NHMRC Achievement Awards for Career Development

CDA2 - Biomedical

Dr Tania de Koning-Ward, Deakin University, Victoria

Dr Tania de Koning-Ward established her own research group in 2007, within the School of Medicine at Deakin University as the School was preparing to accept its first intake of medical students.  Her research is centred on the molecular basis of malaria pathogenesis, particularly how this deadly pathogen is able to remodel its host red blood cell to enhance its survival and cause disease.

CDA2 - Population Health

Associate Professor Wendy Oddy, Telethon Institute for Child Health Research, Western Australia

Associate Professor Oddy has a Bachelor of Science in Nutrition, an MPH and a PhD in epidemiology. Associate Professor Oddy’s project investigating nutrition and child development was selected as one of ‘Ten of the Best’ in 2006. To date, Associate Professor Oddy has over 90 publications and is on the Review Board of 16 scientific journals.

CDA1 - Clinical

Dr Michael Valenzuela, University of New South Wales

Dr Michael Valenzuelais a Senior Research Fellow at the School of Psychiatry, and leader of the Regenerative Neuroscience Group UNSW. His research aims at understanding the competing forces of degeneration and neuroplasticity in the human brain, and ranges across studies of stem cells, animal models, neuroimaging, pathology, clinical trials and epidemiology.

CDA1 - Population Health

Dr Patricia Valery, Queensland Institute of Medical Research

Dr Patricia Valery worked as a Paediatrician prior to gaining her PhD. She has been working in Indigenous Health Research for the last 11 years. Her current work focuses on two critical health needs for Indigenous Australians, namely cancer and infectious diseases. Her work in cancer will inform service provision on how to best facilitate a multidisciplinary supportive care approach for Indigenous cancer patients. It will also evaluate an antibiotic in treating infectious diseases in Indigenous children. These findings may guide the medical management of such patients.

CDA1 - Industry

Dr Tony Velkov, Deakin University, Victoria

Dr Tony Velkovtrained in medical microbiology and bioinformatics during his PhD.

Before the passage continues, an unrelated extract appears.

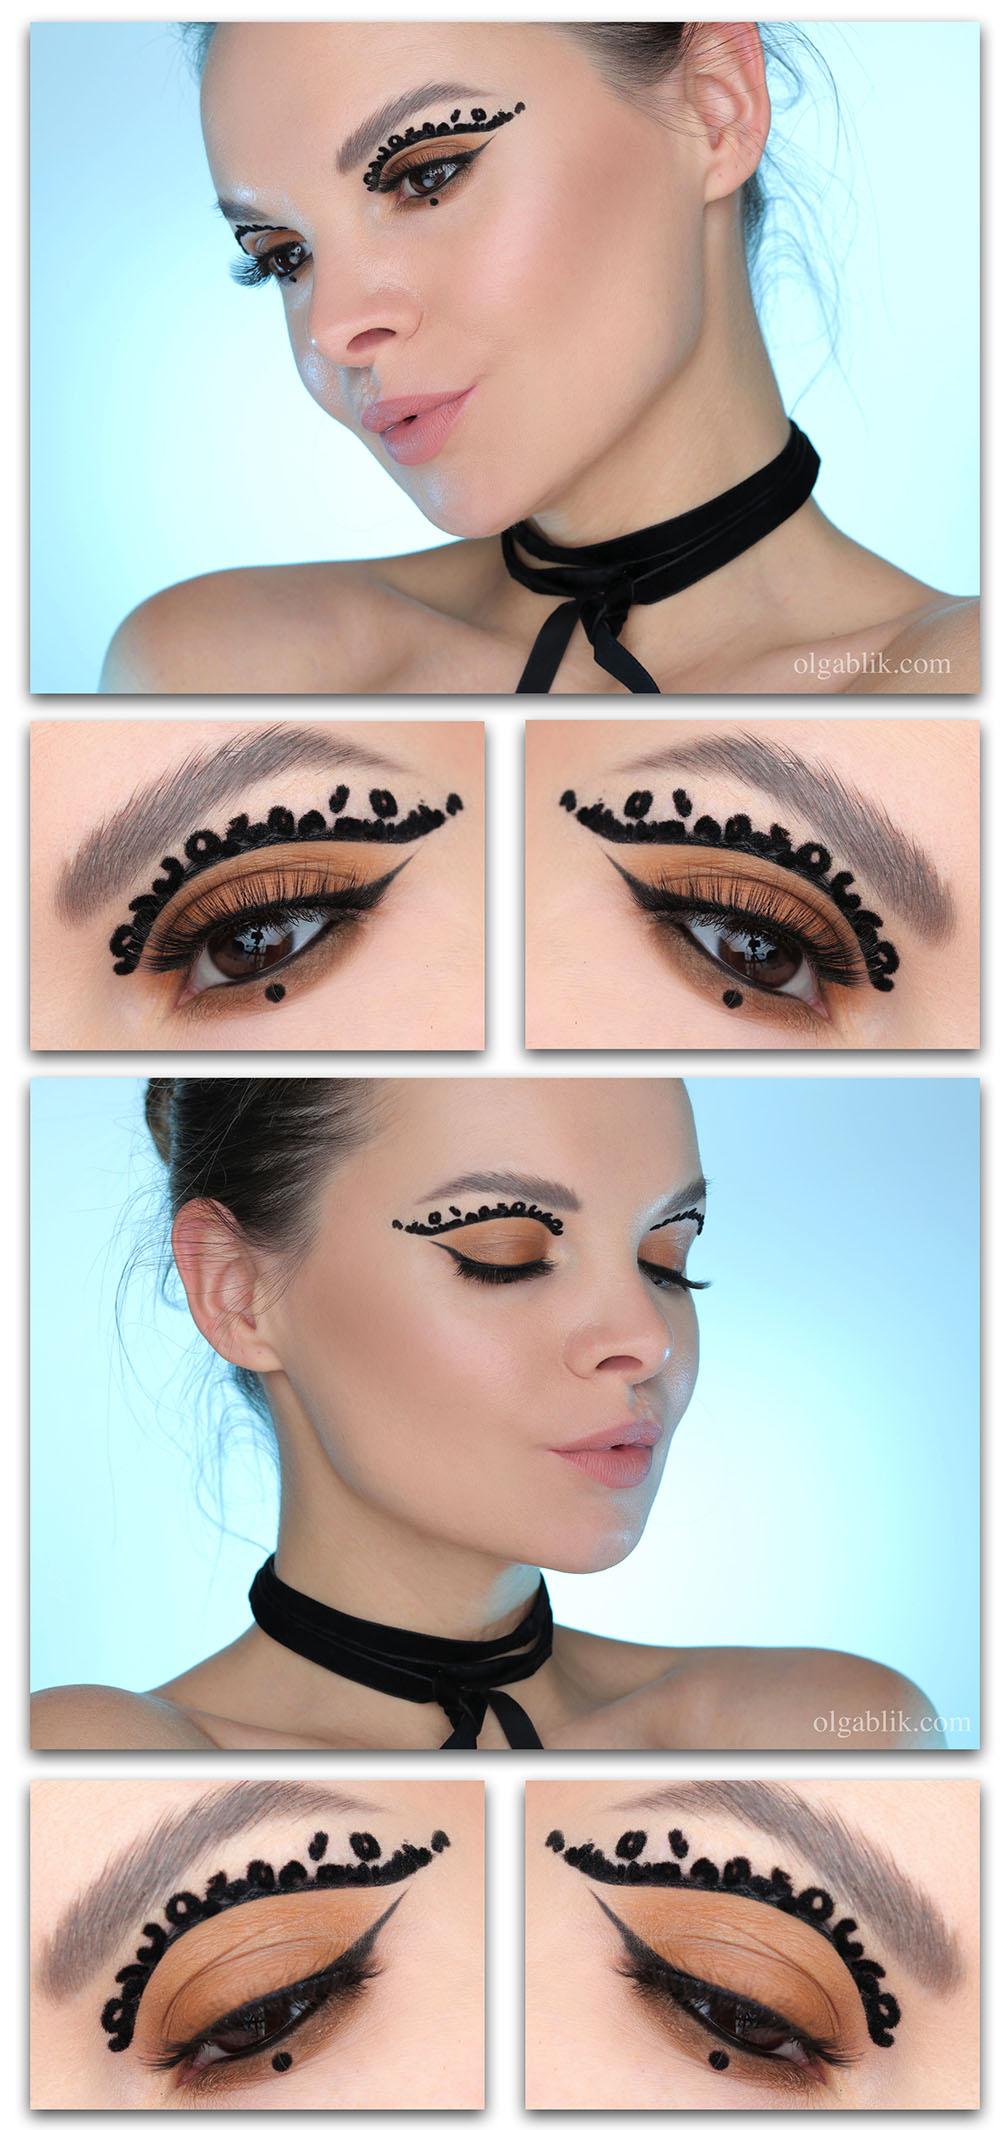 Оригинальный макияж глаз, необычный макияж глаз

His investigations into the way in which orally absorbed drugs are taken up across the small intestine has implications for the design of new drugs.  This has the potential to maximize oral absorption by enhancing interactions with proteins through targeted structural modifications.  This has now been accepted as a new trans-cytosolic drug transport mechanism in the pharmaceutical sciences community.

CDA2 - Clinical

Dr Grant Waterer, University of Western Australia

Dr Grant Waterer is Professor of Medicine at the University of Western Australia, adjunct A/Professor of Medicine at Northwestern University, Chicago and a consultant respiratory physician at Royal Perth Hospital.  His primary research interest is in pulmonary infectious diseases and especially pneumonia, from both immunological and microbiological perspectives.

CDA1 - Biomedical

Dr Di Yu, Monash University, Victoria

Dr Di Yu is the head of laboratory for molecular immunomodulation in Monash University. His research team investigates the molecular mechanisms of immune responses with the focus to design new strategies to modulate the immune system to treat autoimmune diseases and cancer. He received his PhD from ANU in 2007 and was selected as Monash Fellow in 2010.